Felix Gonzalez-Torres dominates the U.S.A. pavilion; it’s a moving tribute to the Cuban-born American citizen who died of AIDS in 1996. His themes often key into dispersal and the process of dying. Gonzalez-Torres was a conceptual and minimal artist who believed all art to be political, but the result is subtle not overt. What you see is line, flow, beauty. Untitled, Public Opinion is a large rectangular piece consisting of small grey cellophane-wrapped licorice candies strewn tightly on the floor to suggest a carpet or a grave: gravitas despite the candy core. (As visitors take the licorice, the pieces are replenished.)

I couldn’t find the title for the artist’s tangle of raw light bulbs raining down the central lobby of the Federal-style pavilion. But the minimal chandelier looks regal, lit or unlit, as the excess cords and bulbs splay in circles down to the marble floor.

Directly outside the U.S. pavilion, two pools of white Carerra marble are filled with water: The dual work represents male love. The biennale jury rejected it in 1995.

Imaginary geography meets Seurat

Brazil’s entry tackles the poetics of place. The trio of José Damasceno, Angela Detanico and Rafael Lain work on a theme of imaginary geography. Damasceno, born in Rio in 1977, created a towering forest of phone books at the last Biennale. He delights in filling spaces with ordinary objects used in oversize and imaginative ways. Here, immense compasses (the geometric tool) whirl across a gallery as if creating the world. A marble orb rests on the ground, stoppered on two sides by stone corks. Across the room is a pointillistic grey-and-white landscape with tree, Seurat-like: As you stare, it goes in and out of focus.

Sophie Calle is France’s heroine of the moment with her autobiographical art. Florence, Paris, Brussels— the magazines are full of her. Calle has filled the French pavilion with 105 ways of looking at a “Dear John” letter from a former lover. In the Italian pavilion, is Souci, a video of Ms. Calle’s mother, literally on her deathbed. This multi-media piece, more touching than grim, includes a narrative of her mother’s final days. The whys and wherefores are succinct.

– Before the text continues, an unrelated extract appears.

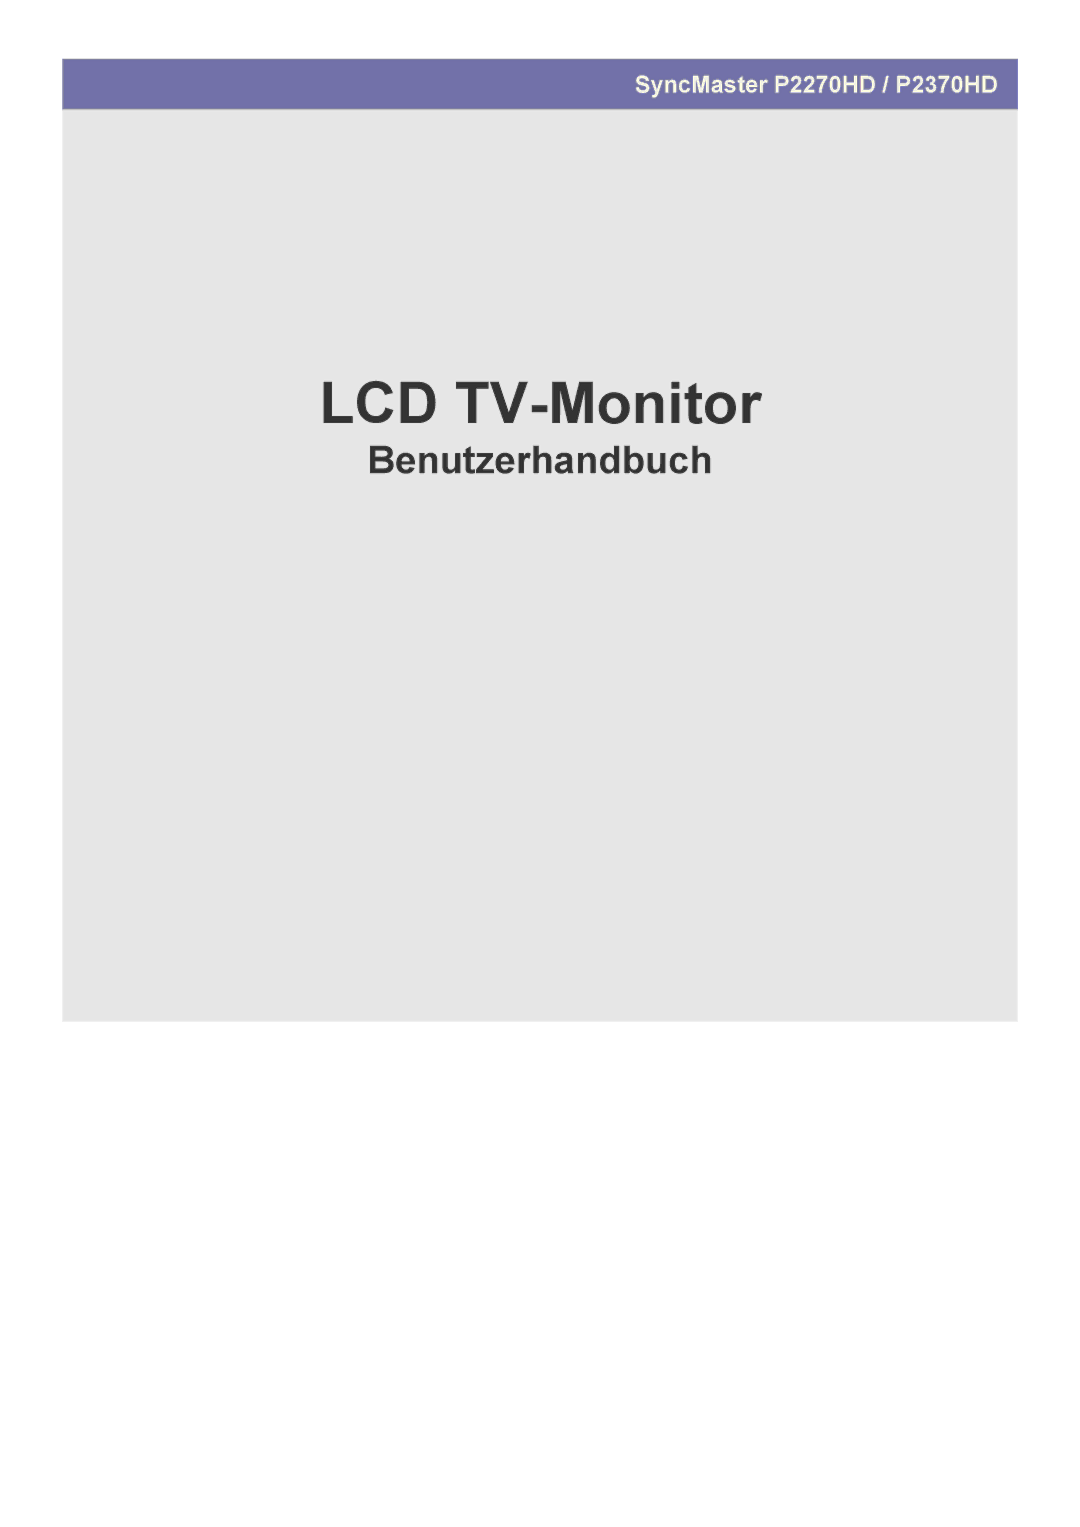 Samsung LS22EFHKFU/EN, LS22EFHKFV/EN, LS23EMDKU/EN, LS23EFHKFV/EN, LS23EMDKF/EN manual LCD TV Monitor

In the woods with Pascal and Rousseau

Still, I preferred dread, by Joshua Mosley, in the gallery adjacent. This wry, dark and provocative black-and-white mixed-media animation held my attention though several screenings. Whimsical characters meant to be Blaise Pascal and Jean Jacques Rousseau meet up in real woods, converse with each other and find diverse ways of dealing with a wild dog named dread.

Mosley, who teaches design and animation at Penn, began the project in Philadelphia and completed it in Rome, where he is enjoying the Rome Prize. The exhibit also presents bronze casts of the clay models shown in the film. Mosley composed the score for his film too. The artist, born in 1977 in Chicago, says the film was influenced by his readings of Pascal’s Pensées and Rousseau’s Emile. Pascal experienced a religious conversion. Rousseau believed in God and nature but disliked the church. There is some irony in which philosopher abandons his faith to save his skin— from dread. “The (Rome) fellows are still debating it,” Mosley said.